Design of hybrid voltage regulators for energy-efficient SoCs

Abstract

This paper introduces a novel hybrid voltage regulator, combining a buck stage with a shunt stage, designed to optimize Dynamic Voltage Scaling (DVS) and maximize dynamic efficiency. For achieving optimal DVS, this paper presents a buck converter assisted by an Isosceles-Triangular Shunt Current (ITSC) push-pull stage. The ITSC facilitates precise control of DVS through a simple turning-point (V$_T$), and accelerates DVS rates independently of the inductance (L). The Current-Tailing Handover (CTH) ensures minimal voltage fluctuations post-DVS, even under resistive loads. Real-time calibration of the VT-crossing point effectively mitigates various error factors that can lead to DVS inaccuracies.

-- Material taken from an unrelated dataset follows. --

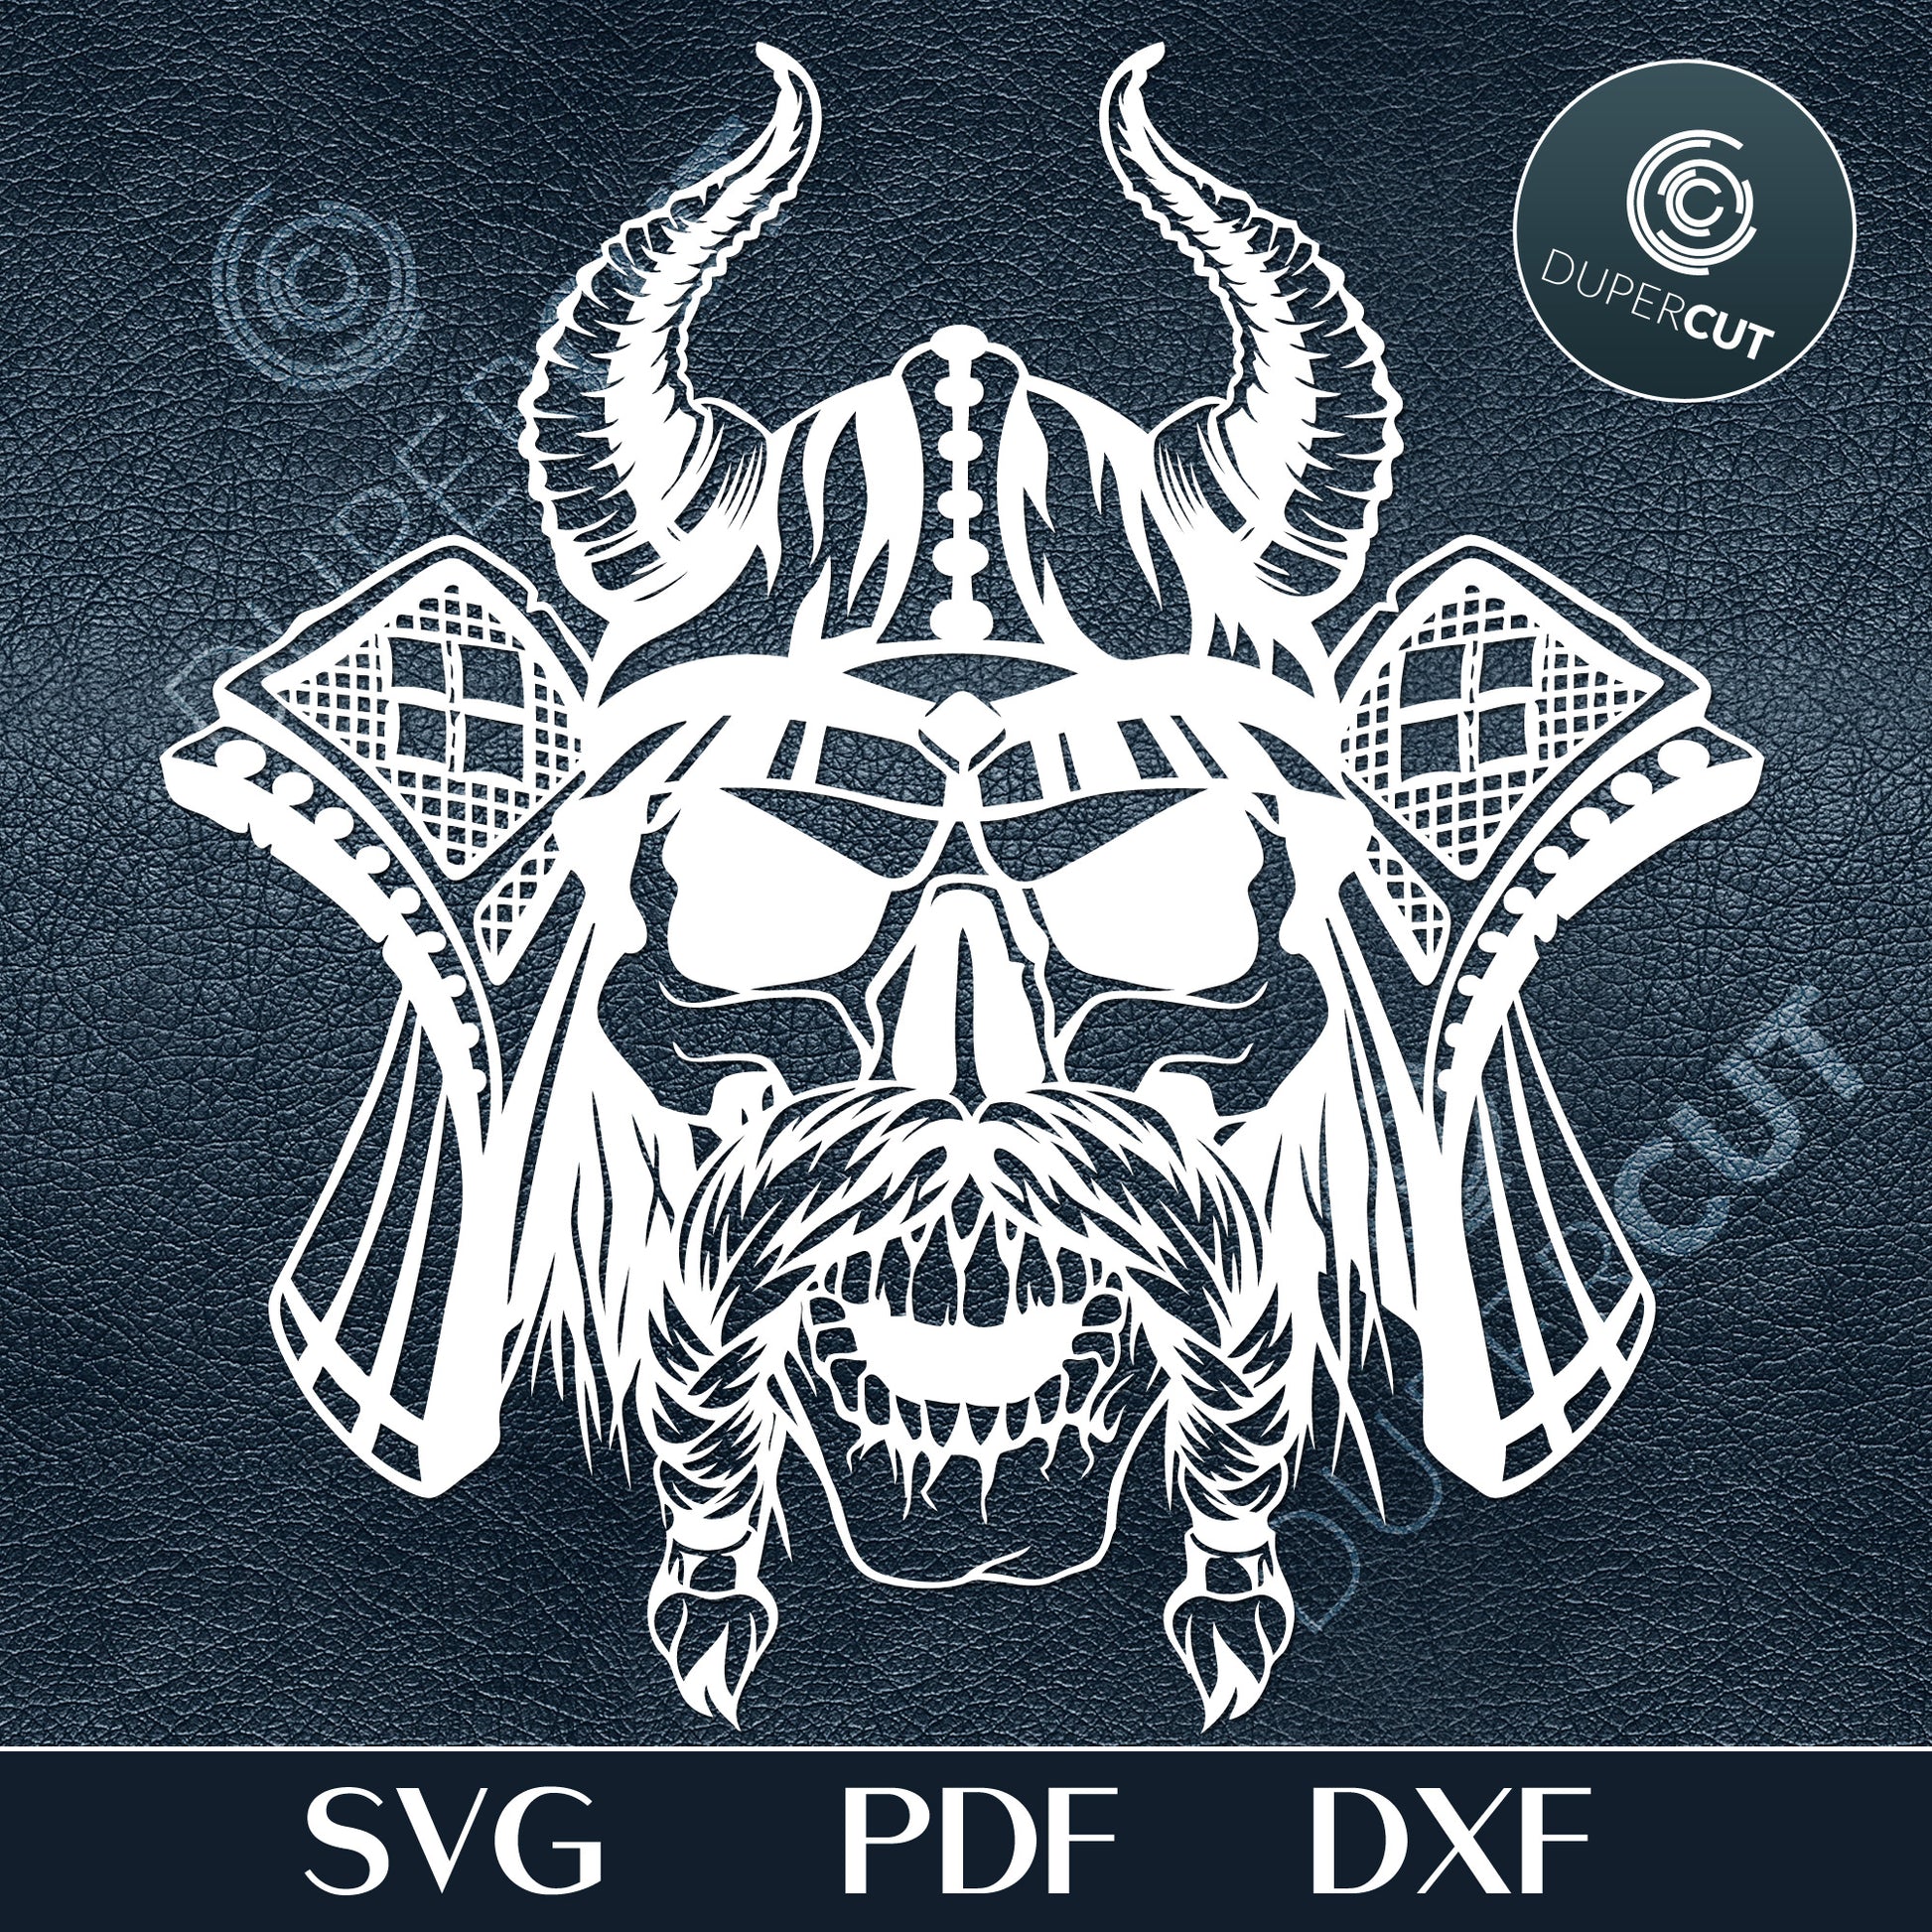 Viking Skull gothic line art. Paper cutting template SVG PNG DXF files. For DIY projects Cricut, Glowforge, Silhouette Cameo, CNC Machines.

To minimize the loss from shunt stage, this paper also introduces a pioneering hybrid voltage regulator incorporating a class-G digital-shunt regulator. This approach shows the capabilities of the class-G digital shunt regulator to substantially reduce dropout voltage in the shunt stage. Furthermore, the incorporation of a current correlation between the inductor and shunt current, governed by the ratio β, significantly shortens the current handover time. The implementation of this hybrid technique results in a remarkable improvement in dynamic efficiency, with a boost of up to 12% observed when operating at a 13kHz DVS frequency. Notably, the proposed hybrid voltage regulator exhibits remarkable versatility, efficiently accommodating a broad range of DVS frequencies, extending up to 600kHz.